Resistance to Chemotherapy
For the last 15 years, Dr. Francis Ali-Osman has been persistent in his quest to find out why most pediatric and adult patients develop a resistance to chemotherapy at some time in their treatment.
 
While some patients develop a resistance after a few months of chemotherapy, there are some patients who are resistant to therapy at the time of diagnosis, says Dr. Ali-Osman, chairman of the Department of Experimental Pediatrics. Of the 20 percent of pediatric patients who die, most develop a resistance to chemotherapy, a primary treatment for many pediatric and adult cancers.
 
Though each patient's level of resistance is different, Dr. Ali-Osman believes it can be triggered by the same mechanism, namely the overexpression of a gene encoding the glutathione S-transferase (GST) protein. He recently reported the discovery of two novel forms of the GST gene present in lymphomas and tumors of the brain, breast and colon.
 
Dr. Ali-Osman's work has shown that the product of this gene not only has the ability to "detoxify" the chemotherapy agents but also is involved in the "repair" of the damage produced by the chemotherapy in cancer cells.
 
If ongoing studies prove successful, Dr. Ali-Osman hopes that within two years clinical trials could begin on agents that will not only break down tumor defense mechanisms against anticancer agents but also protect normal cells from the toxic side effects of chemotherapy.
 
Patients in the trial would be given the "anti-gene" agent, antisense oligonucleotide, that blocks expression of the GST genes in advance of their chemotherapy regimen. Given prior to the treatment, the antisense agent would block the activity of the GST genes in the tumor cells and thereby reduce or overcome their resistance to chemotherapy.
 
According to Dr.
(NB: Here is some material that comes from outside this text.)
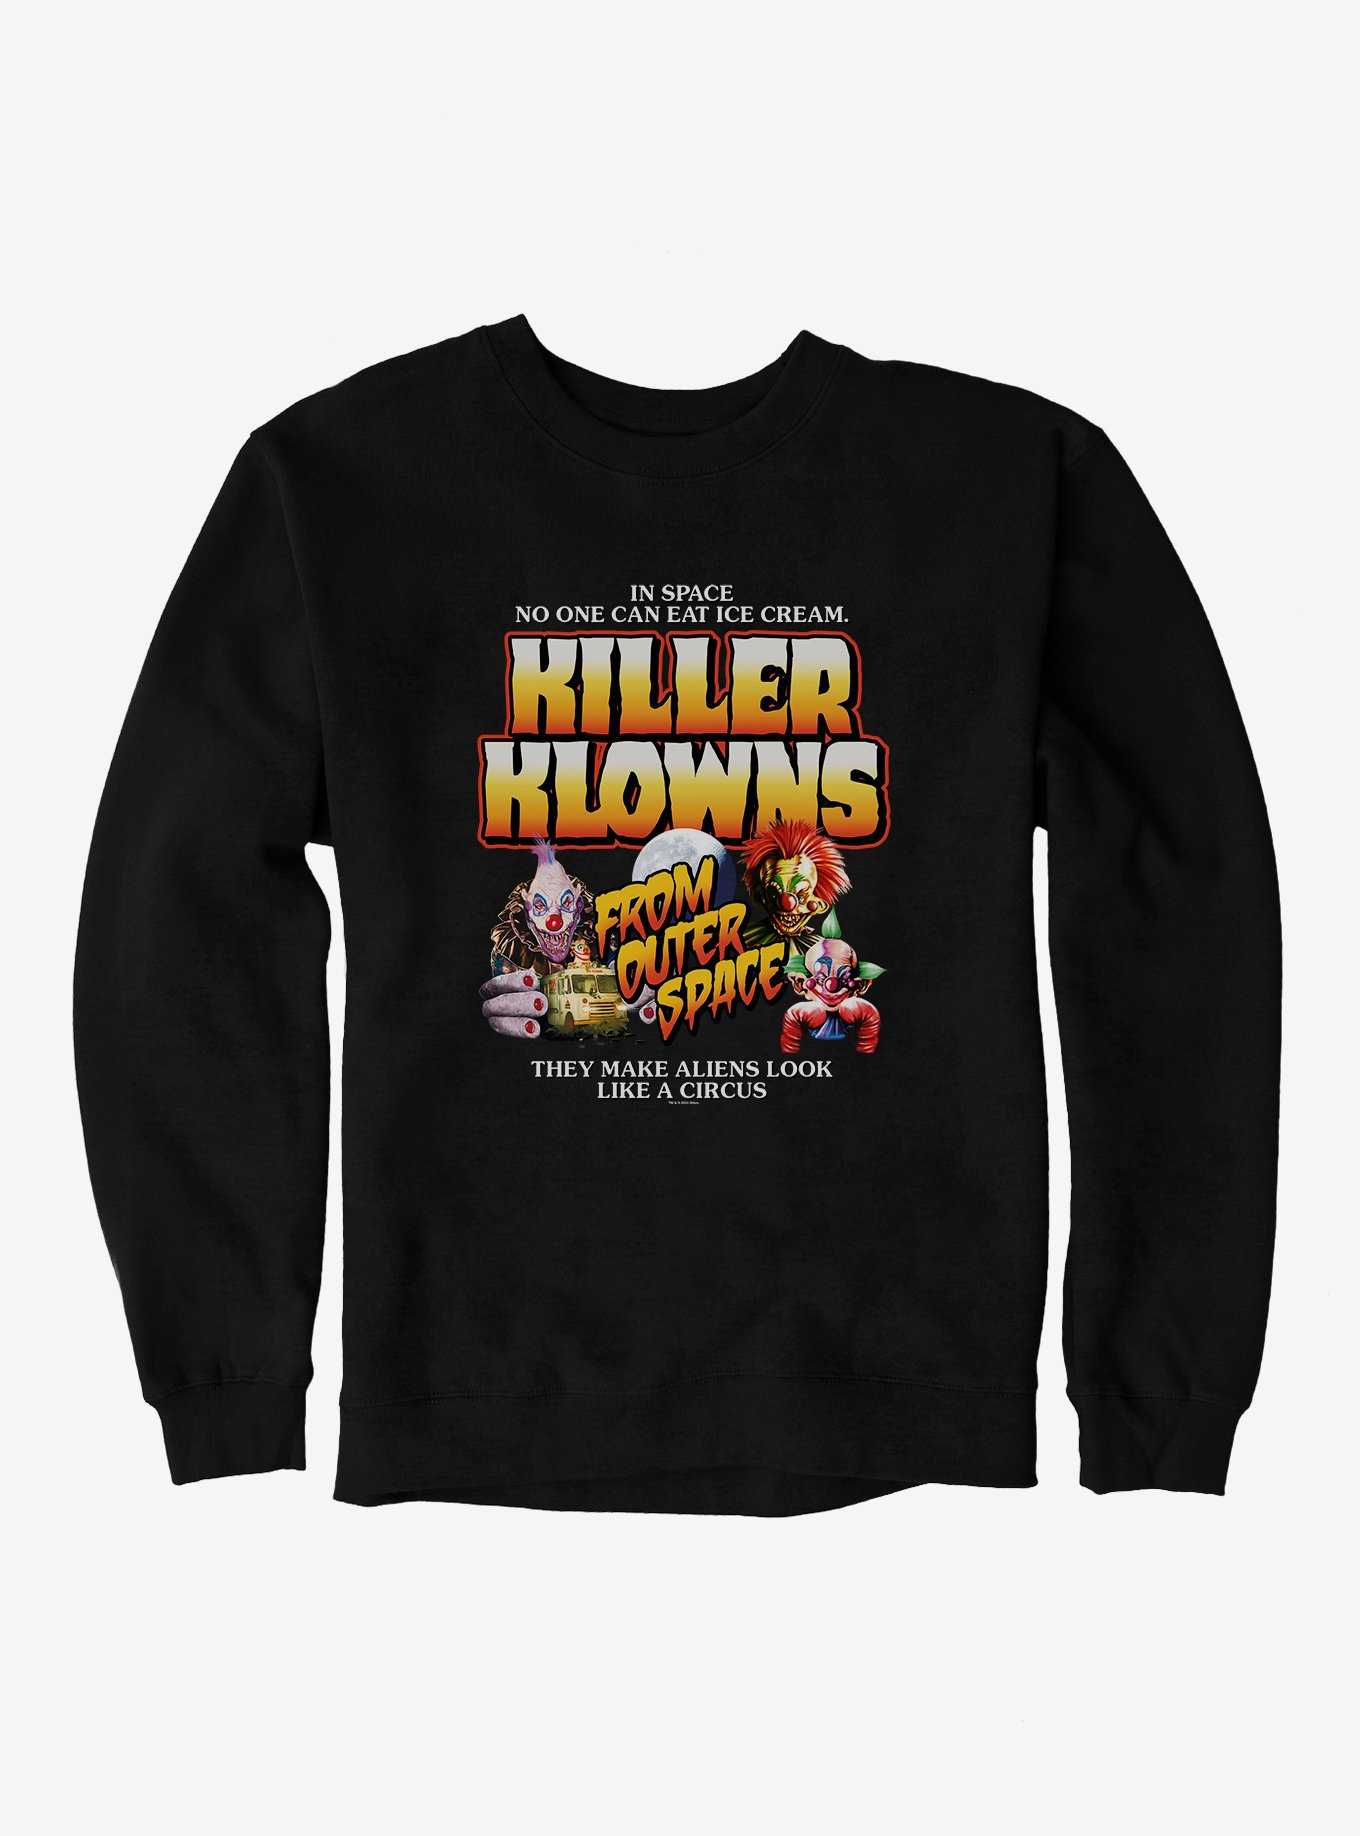 Killer Klowns From Outer Space In Space No One Can Eat Ice Cream Sweatshirt, , hi-res

Ali-Osman, such a trial could have far-reaching effects in the coming years. "Research gathered from this trial would allow us to improve a patient's chance for response and help us learn more about the possibilities for this type of gene therapy as a treatment modality," he says.
 
"Chemotherapy is a standard treatment for so many cancers that we could make some major inroads to improving survival rates in colon, lung and ovarian cancers in adults, and some types of leukemia and brain cancers in children," Dr. Ali-Osman adds. "Though we are still a few years from this, we are very excited and encouraged by what we have seen so far."